Когда брат попросил ее принять участие в эксперименте, никогда не могла она даже представить, что в нем может появиться и бывший ее муж, и что теперь, вот как в эту минуту, она будет… она захочет… она попытается удержать его.
– Погоди, Ури. Прежде чем распрощаться… скажи мне, чем ты сейчас занимаешься?
– Работаю…
– Разумеется… Но что за работа?
– В Министерстве по охране окружающей среды.

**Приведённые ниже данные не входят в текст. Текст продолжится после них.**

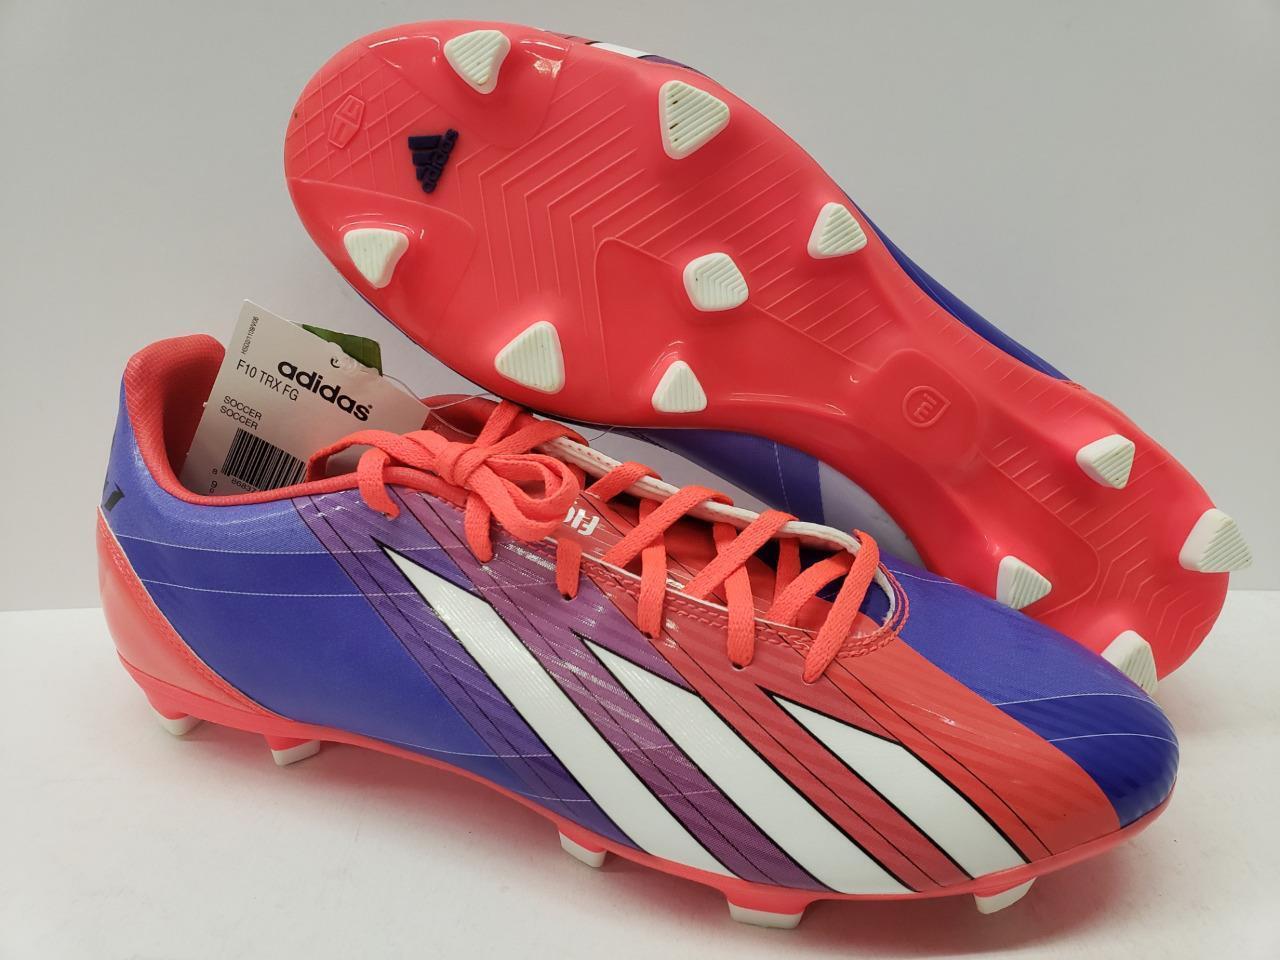 a891adb80 Adidas G97729 F10 TRX Firm Messi Soccer shoes Cleats Purple Pink Mens FG  Ground nvicqd2988-Men
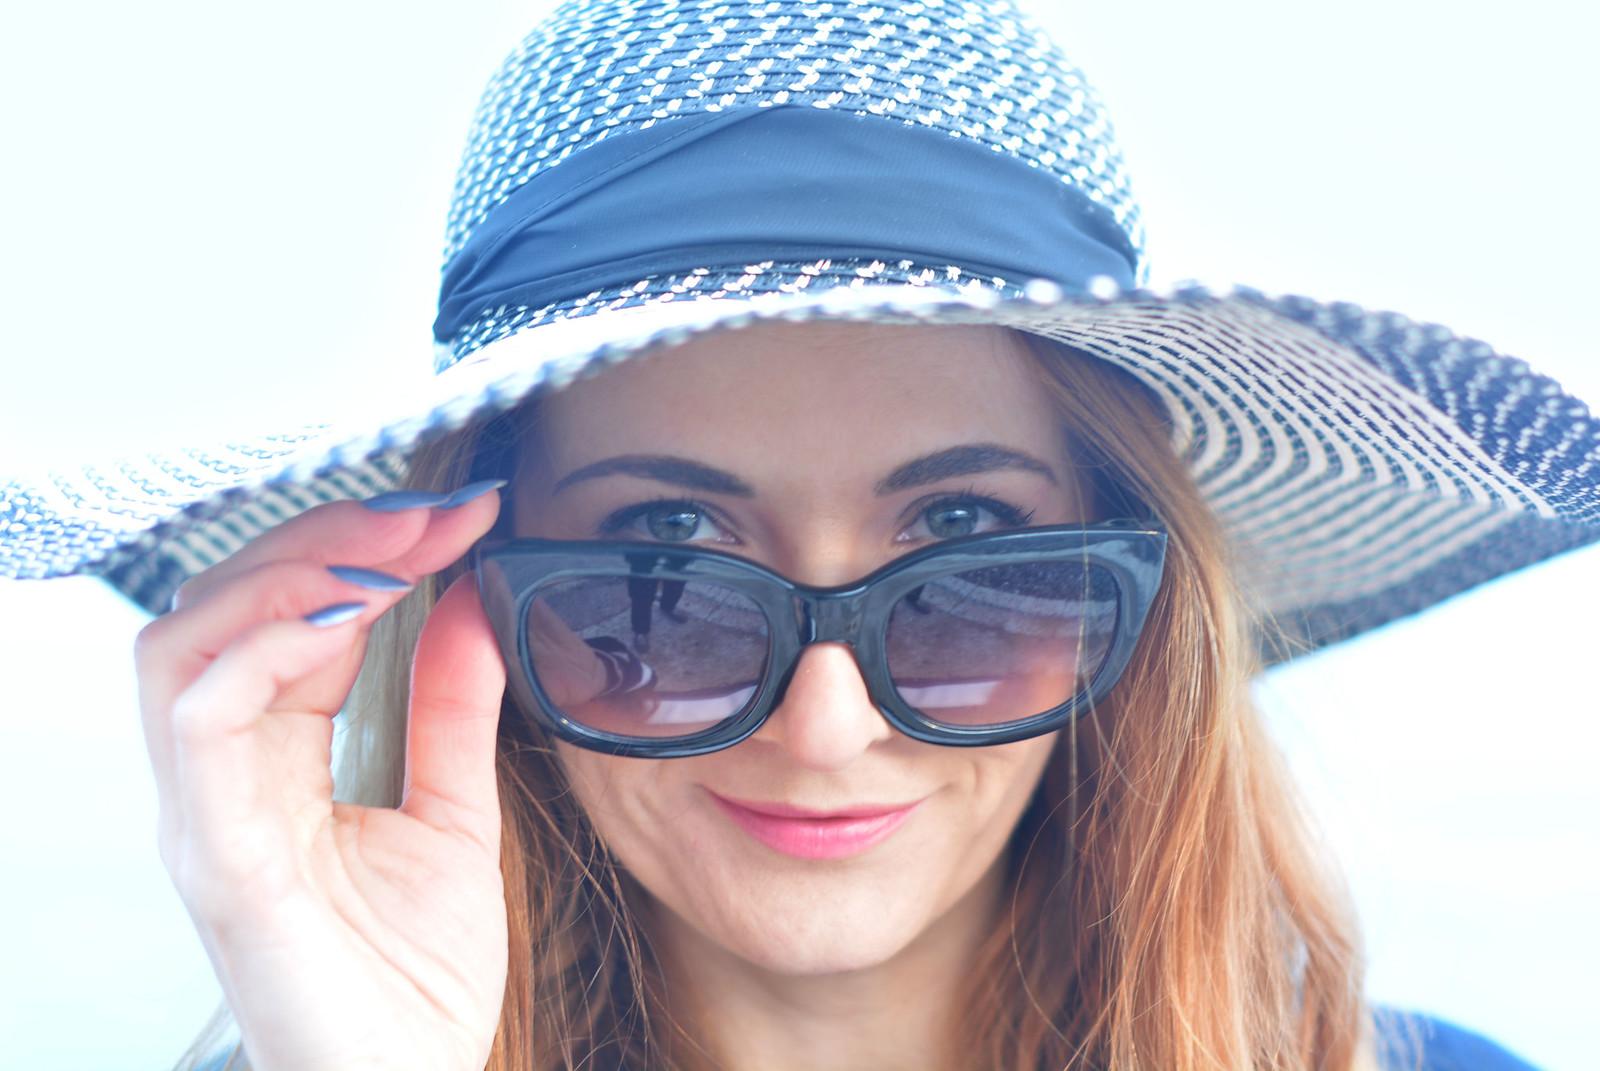 Nautical style: Navy blue and white floppy hat, cat eye sunglasses

– Ну и что у тебя за позиция? Должность? Поверь, я очень рада… более того – даже горда, что ты занимаешься таким важным делом. И, вернувшись в Голландию, смогу рассказать друзьям и коллегам, что мужчина, который бросил меня, не просто упрямый осел, но человек, достигший завидных высот.
– Прошу тебя…
– Не сердись. Это то, что я думала о тебе раньше… и то, что думаю сейчас. И в этом причина, почему моя любовь к тебе никогда не умрет. Если это не секрет, скажи, как высоко ты поднялся в том департаменте, в котором ты был заместителем управляющего?
– Теперь я его директор. Но этот департамент несколько иной.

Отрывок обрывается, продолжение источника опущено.